1. Strings, segments, and segmentations

The main purpose of Orange Textable is to turn text strings into data tables. As we will see, there are several methods for importing text strings, the simplest of which is keyboard input using widget Text Field (see also Keyboard input, widget labelling and segmentation display or Cookbook: Import text from keyboard. Whenever a new string is imported, it is assigned a unique identification number (called string index) and stays in memory as long as the widget that imported it.

Consider the following string of 16 characters (note that whitespace counts as a character too).

example1

Figure 1 : A simple string.

What makes the transition from text strings to data tables possible is the concept of a segmentation. What is a segmentation ? A segmentation is a string analysis based on a ordered list of segments. For instance, a string like “a simple example” above can be analyzed in many different ways: it consists of 3 words but also 16 characters, 14 letters, 6 vowels, 3 e’s, 2 mple’s, etc.

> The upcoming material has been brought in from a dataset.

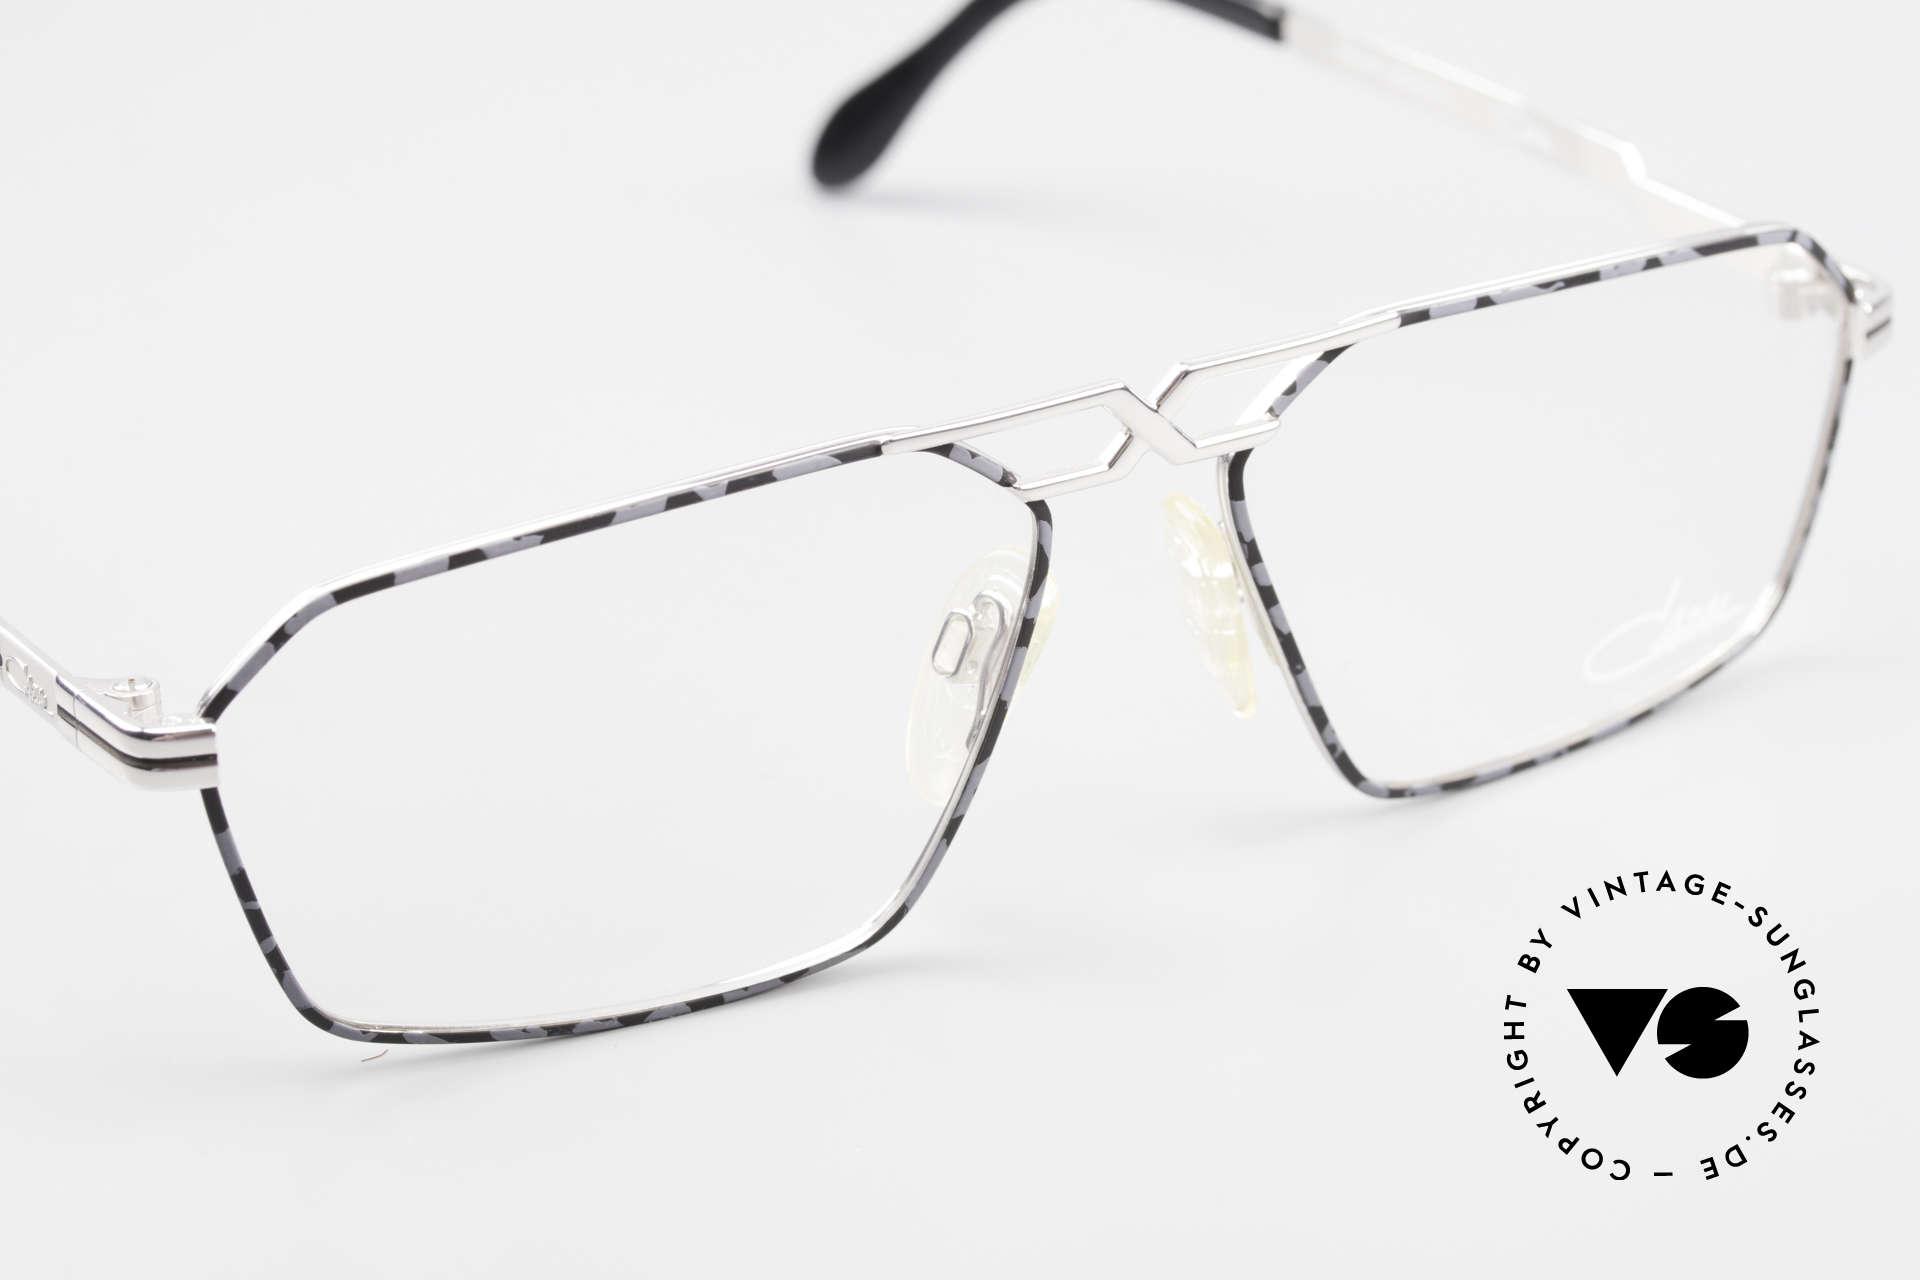 Cazal 744 90's Vintage Glasses For Men, NO retro eyeglasses; a rare 25 years old original, Made for Men

In the previous example, all the segments of a given segmentation refer to the same string. However, a segmentation can span several strings. Thus, the segments of a segmentation can cover different strings, as in the example below, where the segmentation “a”, “simple”, “plan” spans two strings (“a simple example” and “what’s the plan”). All segments referring to a given string must be grouped together, in the order in which they appear in the string.

example2

Figure 2 : A segmentation can span several strings.